Me dispongo a describir este evento por una especie de eliminación de la eliminación, como para compensar todas las veces que pensando en ello he querido hacerlo desaparecer, como una especie de exorcismo a la inversa, como si en el ser una empresa particular tuviera algo de universal, no dejándome influenciar por la remota posibilidad que alguno que era presente en aquel momento lo pueda leer.
La ambientación es un salón en el primer piso de la guardería del oratorio, grandes ventanales que daban a parar al patio
donde, en horarios rígidamente establecidos, se podía jugar al fútbol, siempre que el párroco no estuviera resentido por algún ruido fuera de lugar; tantas sillas incómodas y un olor penetrante de pulpa de pera que proviene de las escaleras, una treintena de chicos de 13-14 años, algún monitor y alguna monja. Es un encuentro de preparación a la confirmación con la que habríamos confirmado algunos días después nuestra pertenencia a la fe cristiana católica. Las preguntas eran: ¿si
la confirmación fuera un plato?¿y si fuera un color? El juego era ya conocido, sabía que se esperaba de mí, la respuesta no debía desviarse demasiado, y agradar a las monjas era fácil. A veces si quería esforzarme y no sentirme mortificado, intentaba también salir con algo no completamente banal. Aquél día no estaba dispuesto a compromisos, y tras haberescuchado una serie de respuestas disciplinadas y ortodoxas dije algo del tipo: "El color es tranparente porque tiene que ser una elección efectuada con transparencia, conciencia, delante de todos, y el piato es macarrones con ragout, porque la vida está hecha de caminos, representados por los macarrones, y se pasa de camino a camino como si
se estuviera dentro del piato, y se pasara dentro de los macarrones, y después de macarrón en macarrón. Están llenos de obstáculos, que vienen representados por el ragout". No es que ahora reivindicaría esta alegoría comoparticularmente ingeniosa. Pero lo dije seriamente. No solo exteriormente. En el sentido de que la construcción ética y cosmológica que habían intentado enseñarme, me parecía ya inestable, pero todavía no había extrapolado la idea que se pudiera vivir sin (aquella) religión. Simplemente no me creía todo lo que me decían, por lo que en el ámbito del razonamiento que estábamos haciendo me parecía una metáfora sensata compatible con los esquemas de razonamiento
impuestos. Todos los demás chicos rompieron a reír, quizá después también un poco yo, contagiado de la euforia colectiva. Las monjas no, en particular una, la "mala" (¿quizá toqué también alguna cuestión abierta que hizo que se diera por aludida?) De lo que balbució recuerdo sólo que yo era un idiota, que hablaba como un disminuido [y sobre todo que transparente no era un color]. Probablemente dijo otras cosas en línea con su orgullo autoritario herido pero no con
su supuesta función educativa. Yo salí hecho un mar de lágrimas (pero eso no era extraño visto que lloraba por las notas de la escuela), humillado delante de mis compañeros. En la confesión impuesta a los confirmandos no me salía decir: "no vengo a misa, y no obedezco a mi madre". Fui al párroco que había venido a posta desde fuera, y le dije: "mi padre ha pasado todo el verano en el hospital, nuestra casa se ha inundado, el gato se ha muerto y encuentro dificultades a la hora de relacionarme con los demás. (Veamos qué me dice)". Nada memorable. Y tras la confirmación, como salvar las formas no cuesta nunca demasiado, no me volvieron a ver.

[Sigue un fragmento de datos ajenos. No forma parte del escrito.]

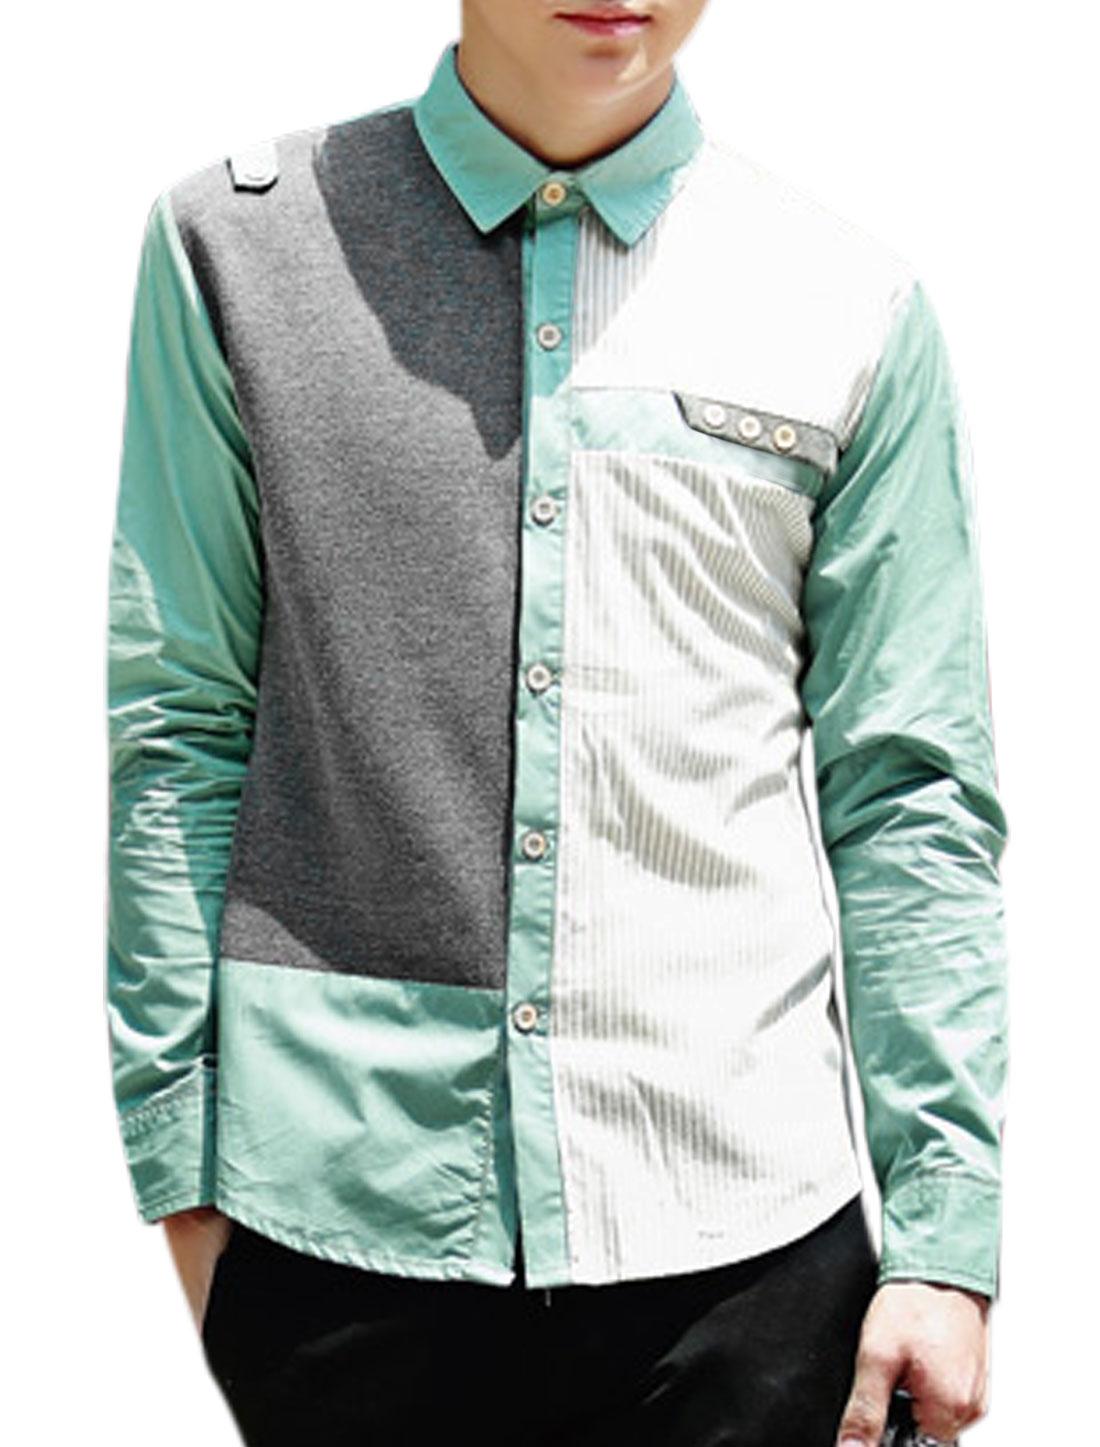 Men Point Collar Button Closure Front Panel Casual Shirt Light Green Gray M

A veces pienso que habría podido ser un chico de parroquia, en el fondo había buenas personas, mejor que cualquier otro coacervado que haya encontrado en un radio de 2 kms alrededor de mi casa, y tengo buenos amigos auténticamente cristianos e amigos interesantes he encontrado todavía más; pero todo lo que he contado no ha sido solo un detalle que me ha alejado. Mi ingenio intelectual y espiritual no podía estar confinado en el interior de un
reino de compatibilidad preconfeccionado. Convivo con las dudas que alimentan una búsqueda continua, con éxitos estructuralmente inestables. El colapso de la montaña era inevitable.